While a rose might smell just as sweet by any other name, every computer user knows that names intended for automatic processing must be spelled exactly and defined precisely. The human reader might tolerate paragraphs sometimes labelled <p>, sometimes labelled <para>, and sometimes not labelled at all, but the computer is less forgiving. Slightly less obviously perhaps, the user of an SGML aware software system needs to know what elements have been defined for a given text (or group of texts) and what their possible contents are. He or she needs to know not just whether personal names should be tagged <propname> or <name>, but also in what contexts personal names may reasonably be expected to appear (for example, if something tagged as a name appears within a name, it is probably an error). He or she also needs to know what attribute names have been defined for particular elements and their legal values, and also what entity names should be used for particular symbols. The formal specification of these names and their usage is enshrined in a separate component, unique to SGML, known as a Document Type Definition or DTD.

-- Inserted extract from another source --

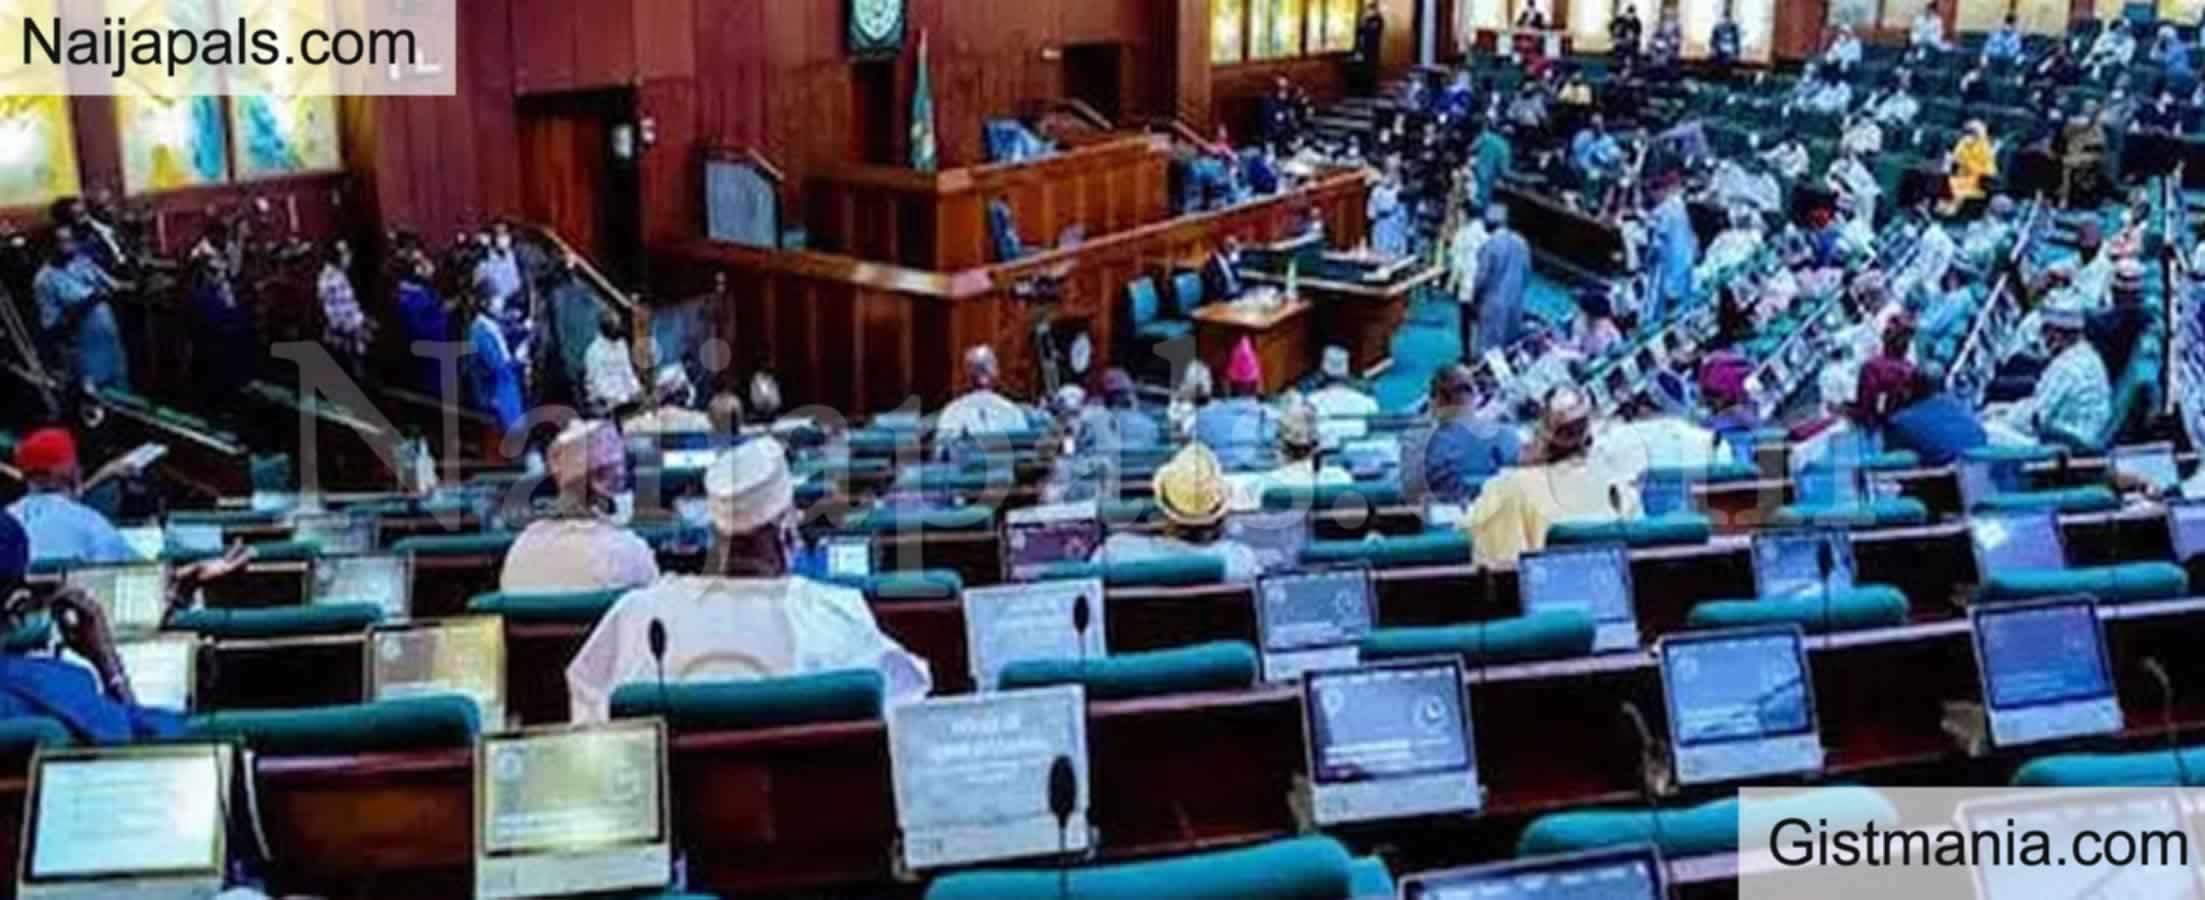 <img alt='.' class='lazyload' data-src='https://img.gistmania.com/emot/comment.gif' /> <b>Reps Summons Emefiele,Others, Asks Emirates To Stop Planned Flight Suspension Over Trapped $85M</b>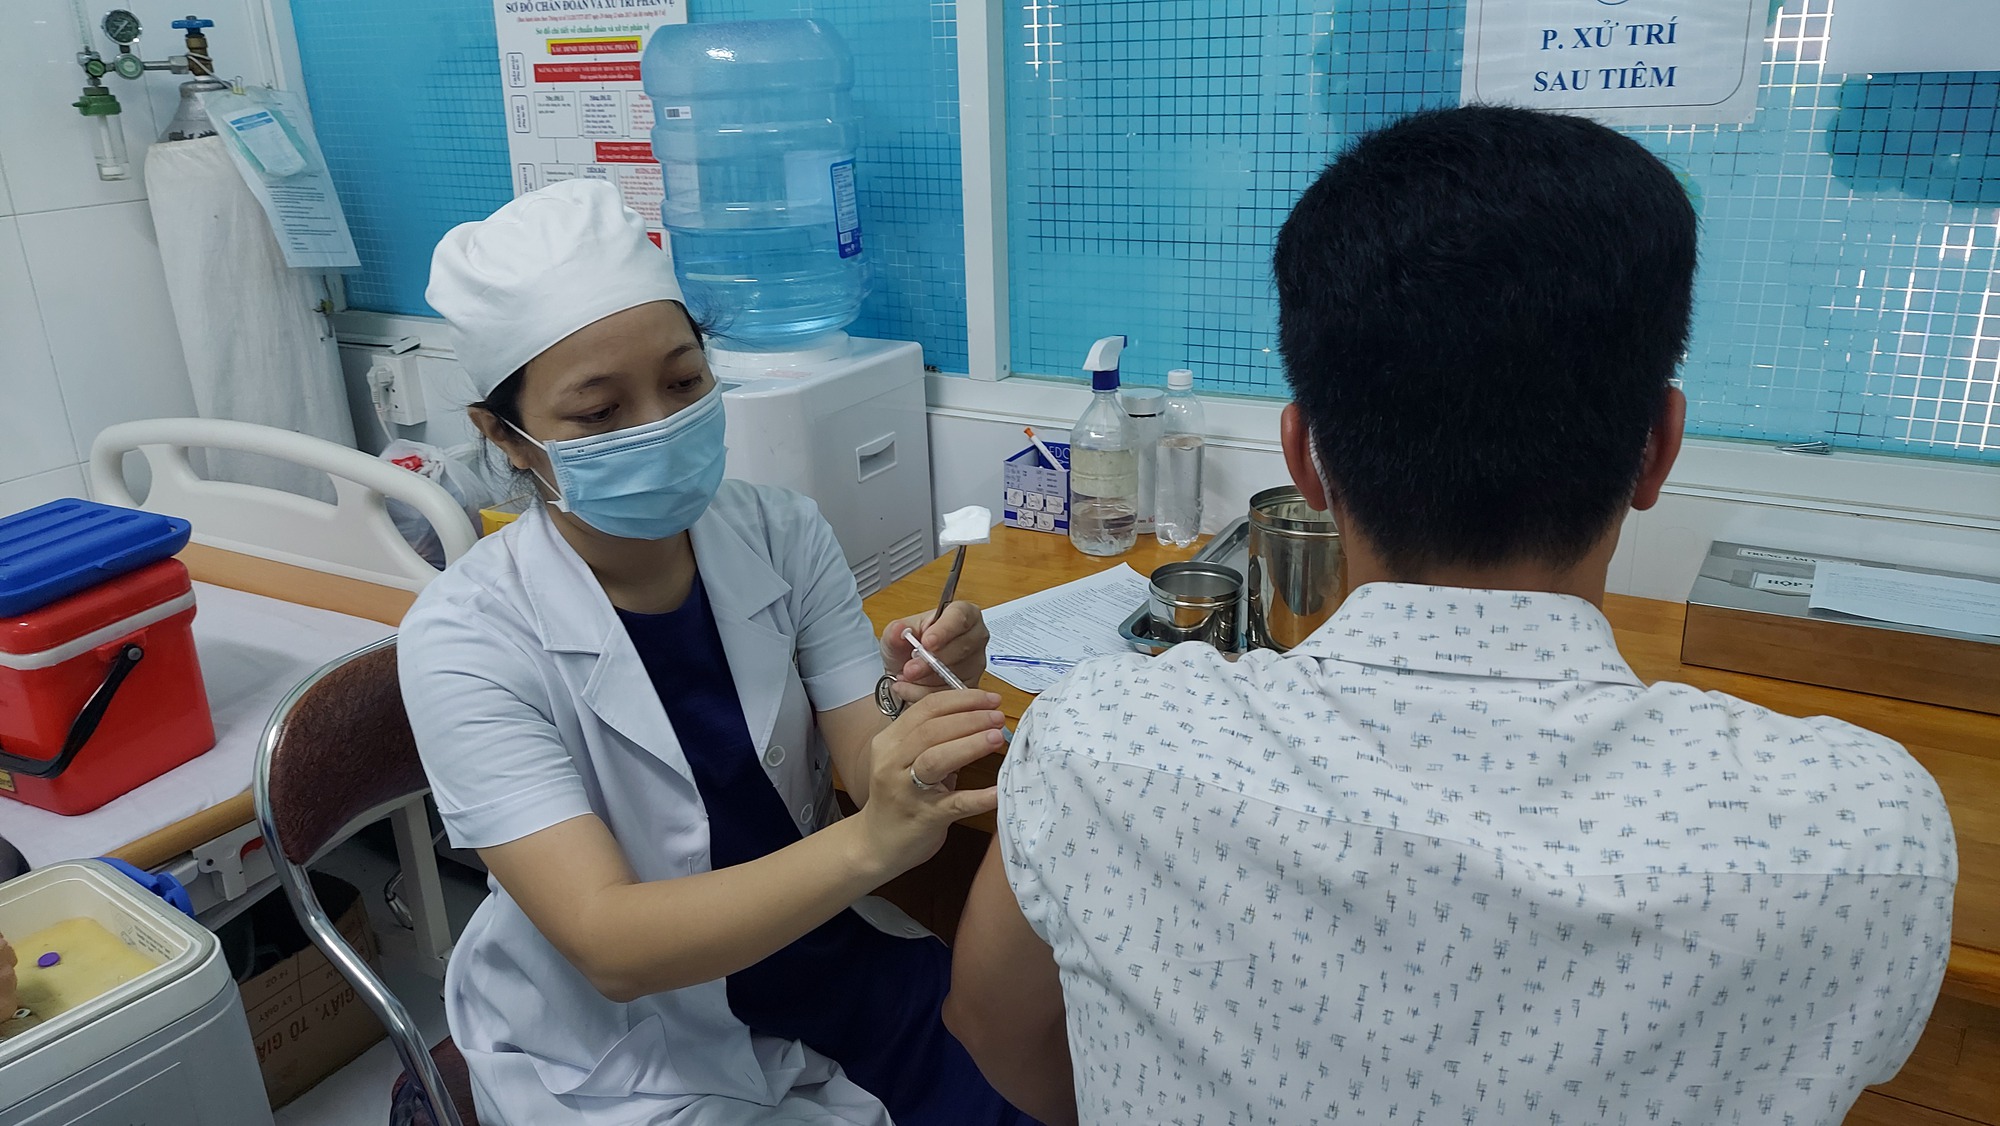 Worried about the BA.5 strain, people in Ho Chi Minh City line up to inject the Covid-19 vaccine - Photo 5.

5.1 Defining a Document : the content model

A DTD performs a function analogous to that of a grammar: it formally defines what are the legal productions of a given markup language. Of course, DTDs can be as lax or as restrictive as any other kind of grammar: the designer of a DTD generally has to trade off generality of use with accuracy of error detection. The simplest kind of DTD would be one which did no more than specify a set of tag names, requiring only that every element tagged in a document use one of them. Such a DTD would of course be unable to detect errors such as <name>s occurring within <name>s or within <date>s, nor to prohibit such errors as register entries appearing other than inside registers. Creating correctly encoded texts with such a DTD would be rather like trying to speak a foreign language with the aid of a lexicon of the language, but no idea of its syntax.

More usually however, the transcribers and creators of electronic texts wish to control how elements can meaningfully appear within a given class of texts, so that processors intended to act on them can do so more intelligently. The specification of what is legal within any one kind of textual component or element is known in SGML as its content model, because it provides a model for its content. Here, for example, is a part of the formal DTD for the register example given informally above.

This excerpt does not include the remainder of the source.